The mortgage bond purchases are unlikely to boost home sales much, even if they manage to lower mortgage rates further. The average rate on a 30-year fixed mortgage is already 3.55 percent, barely above the record low of 3.49 percent.
Home sales remain depressed in part because would-be buyers can’t qualify for loans unless they have stellar credit or can produce hefty down payments.
“If you get a 2 percent mortgage but you’ve got to put 30 or 40 percent down, is that going to encourage people to buy a house?” says Doug Roberts, chief investment strategist at Channel Capital Research.
Still, Bernanke maintained that the Fed can help further, even with rates already ultra-low. He’s argued that the Fed’s first two rounds of bond purchases, in which it bought more than $2 trillion in bonds, saved 2 million jobs and accelerated growth.
By comparison, President Barack Obama’s $862 billion stimulus program created nearly 2.7 million jobs, according a study by former Fed Vice Chairman Alan Blinder and Mark Zandi, chief economist at Moody’s Analytics.
At the same time, Bernanke cautioned that the Fed alone can’t invigorate the economy. It needs help from Congress.
“Monetary policy, as I’ve said many times, is not a panacea,” he said, referring to the Fed’s handling of interest rates. “We’re looking for policymakers in other areas to do their part.”

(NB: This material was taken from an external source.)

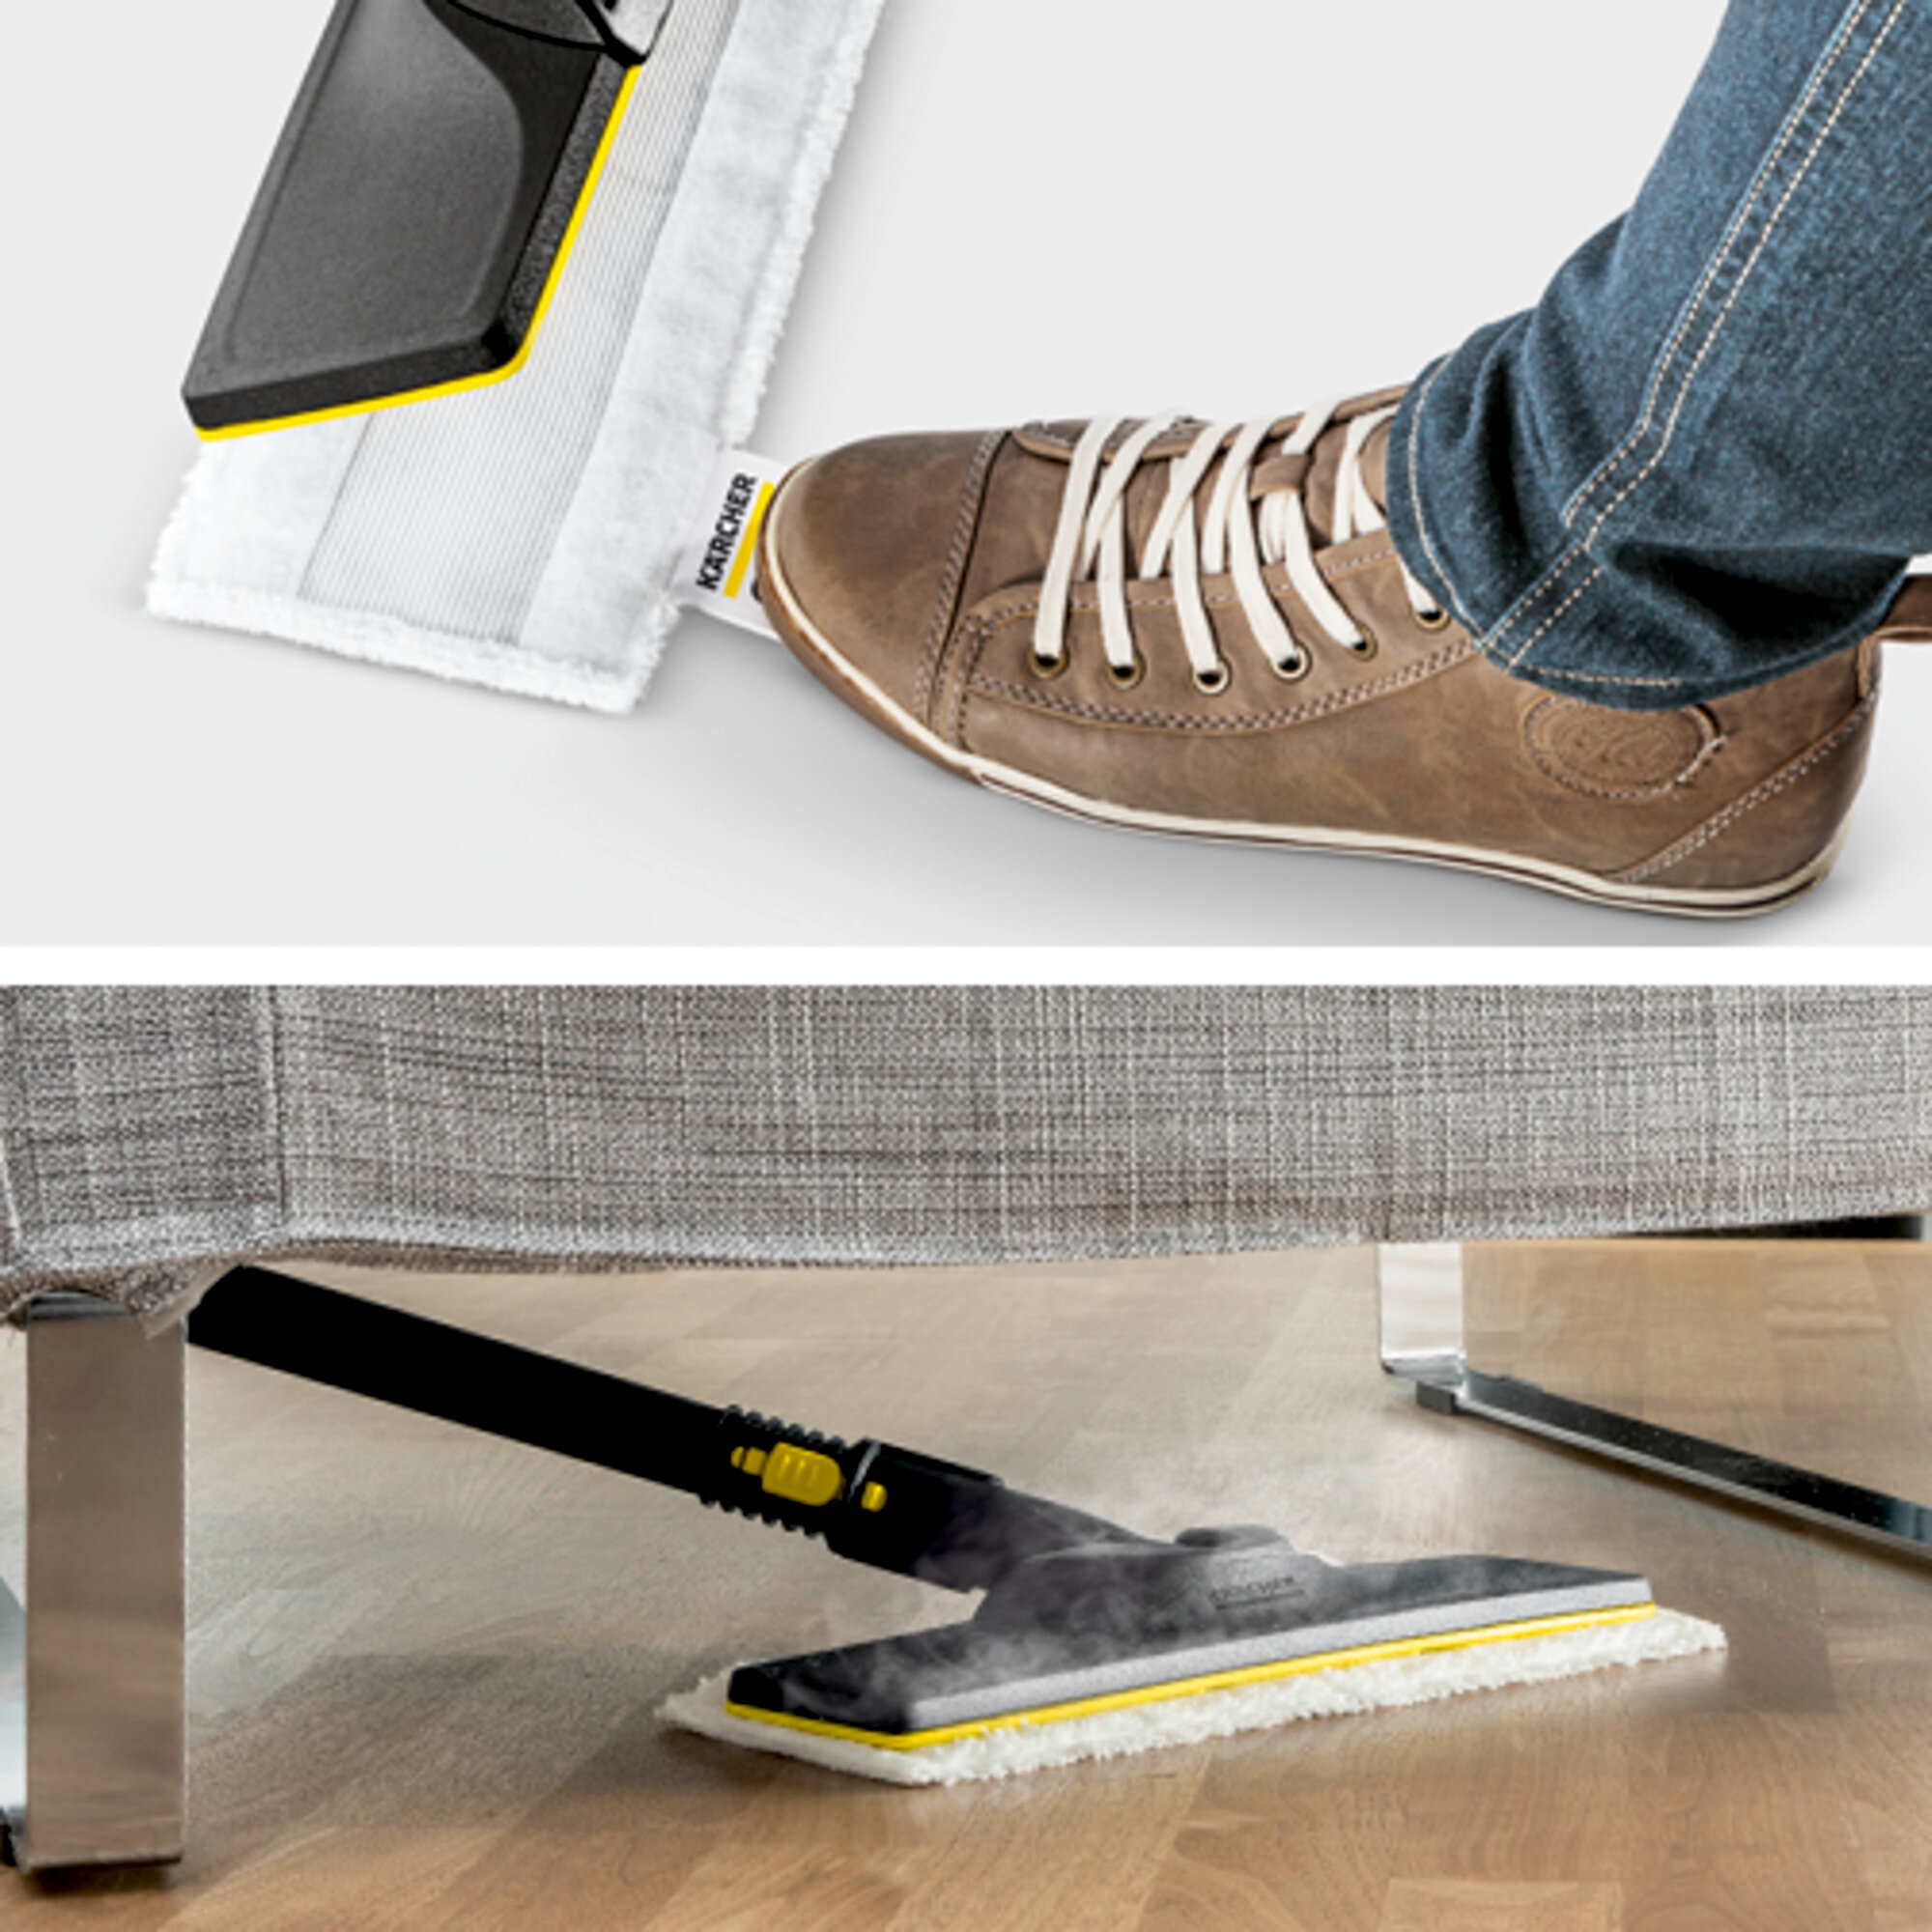 Parný čistič Parný čistič SC 4 EasyFix Iron: Súprava na čistenie podlahy EasyFix s flexibilným kĺbom na podlahovej hubici a pohodlným suchým zipsom na upevnenie utierky na podlahu

Political bickering in Washington is chilling economic growth. If Democrats and Republicans can’t reach a budget deal by year’s end, $600 billion in spending cuts and tax hikes will kick in _ a threat designed to force the two parties to compromise.
If they fail, the draconian measures would likely send the economy over a so-called fiscal cliff as the higher taxes and spending cuts took effect.
Bernard Baumohl, chief global economist at the Economic Outlook Group, thinks the parties will reach a compromise after the election, avoid the fiscal cliff and give consumers and businesses confidence to spend more.
“Once you have greater clarity (about government policy), then I think people will take advantage of the lower interest-rate environment” engineered by the Fed, he says.
Baumohl predicts the economy will grow 3.2 percent next year, double what he expects for 2012. The Fed itself is less optimistic: It foresees growth of between 2.5 percent and 3 percent next year after growth of no more than 2 percent this year.
David Jones, chief economist at DMJ Advisors, says the Fed’s action Thursday reflects its frustration over chronic high unemployment.
“The Fed is putting the pedal to the metal and pushing the accelerator down to the floor board,” Jones says.
But he says the Fed is reaching a point of diminishing returns after nearly four years of aggressive efforts to help the economy. Its latest actions might trim a mere 0.1 percentage point from the unemployment rate over the next year and boost growth by a modest 0.2 percentage point, Jones says.
In the short term anyway, the economy might actually receive a bigger boost from Apple’s new iPhone 5.
Michael Feroli, chief US economist at JPMorgan, calculated that the iPhone might add 0.25 to 0.5 percentage point to the annual growth rate in the last three months of 2012.
“I wouldn’t be surprised” if the iPhone does more for the economy, Feroli said in an e-mail. “At the end of the day, economic growth is about producing more and better goods and services.”